To be honest, if you have to ask that question, you don't know what we as programmers, engineers, and developers actually do. We love to solve already-solved problems from scratch. We are the exact people who look at 14 competing standards, complain that there are too many standards, and proceed to create a 15th one ;)
But jokes aside, I did have a genuine motivation beyond just an itch to write code. I used Filmweb extensively from 2015 to 2020, and eventually, I realized a fatal flaw in these platforms: you don't own your data. Filmweb owns it. Letterboxd owns it. [citation needed, i am not actually sure about letterboxd, so don't sue me.]
Since around 2021, I've become a massive fan of the Fediverse. I absolutely love the concept of the decentralized web. So I thought, hey, this little pet project of mine actually has a highly sensible reason to be decentralized and federated. Instead of trapping my reviews in another walled garden, I could own my database and broadcast my activity to the wider network.
But, wait a second. Fediverse, federation... so many words, so many concepts. What the hell do those even mean? It would be very impolite of me not to explain myself and leave you, dear reader, with this unpinned grenade (is this even an idiom in English??).
So let's take a quick tangent into my obsession with the decentralized internet, shall we?
What the hell is the Fediverse?
If you aren't deep into decentralized tech circles, the Fediverse (Federated Universe) might sound like something out of Star Trek. But you actually already use a federated system every single day: Email.

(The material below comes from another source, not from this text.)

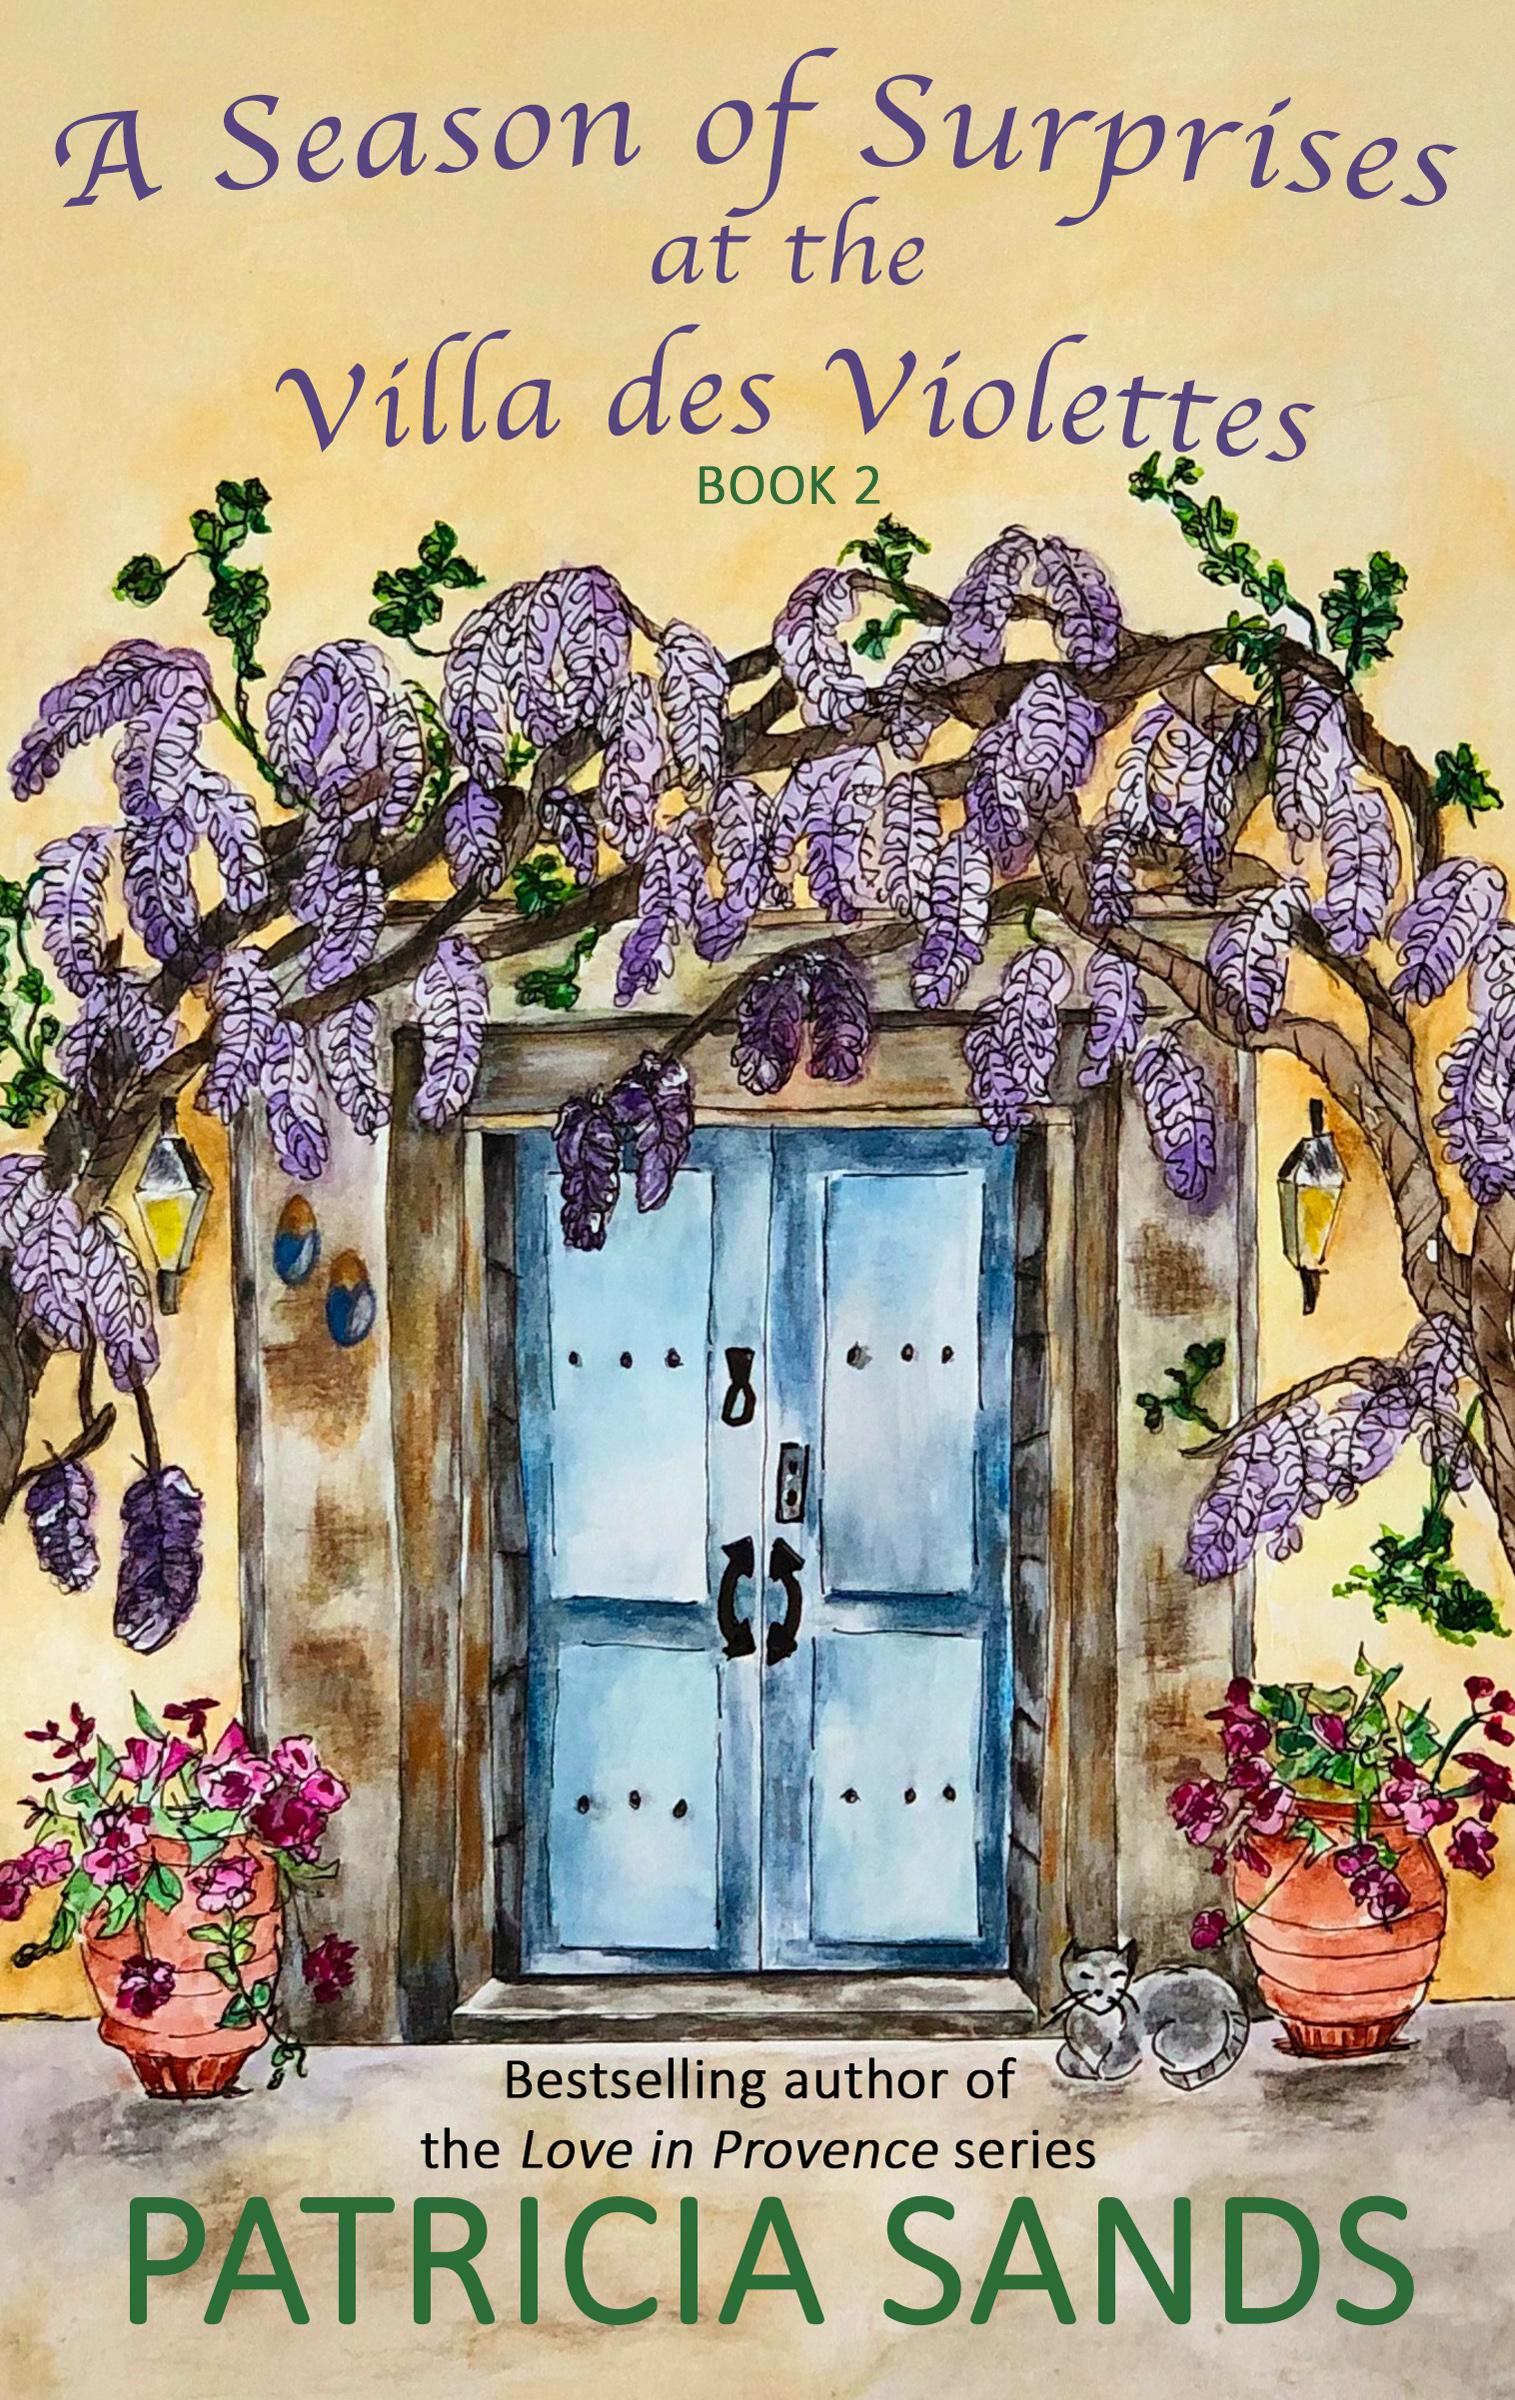 Violettes Kindle

Think about it. If you have a Gmail account, you can send a message to your boss who uses Outlook, or to your weird uncle who still uses wp or o2 or other old ad-ridden mail provider. You don't all need to be on the same platform to talk to each other, because all of those servers speak the same underlying language (SMTP).
Now, imagine if social media worked like that. Imagine (John Lennon starts playing in the background) if you could use a Twitter account to follow your friend's Instagram page, like a YouTube video, and comment on a Reddit thread, all without ever leaving Twitter.
That is Fediverse. It is a network of thousands of independent social media servers that can all talk to each other.
The magic glue that makes this possible is a web standard called ActivityPub. It's essentially the HTTP of social networking. It is a language, a protocol that social media platforms use to speak to each other. If your server speaks ActivityPub, it can communicate with anyone else on the network, the most famous example being Mastodon. And spoiler alert: Movies Diary entries do show up on Mastodon feeds!
Or so that is the theory.
Personal career growth limbo
Okay, so I hope that clears up what the Fediverse is and how federation works. I promise I will come back to the ActivityPub stuff later.
But building a federated node wasn't actually my first, or even second, motivation. You see, I have been programming since I was 11. Now I am at the ripe age of 24, and I love programming as much as I did as a kid. Maybe even more so, now that I'd consider myself a fairly decent software engineer.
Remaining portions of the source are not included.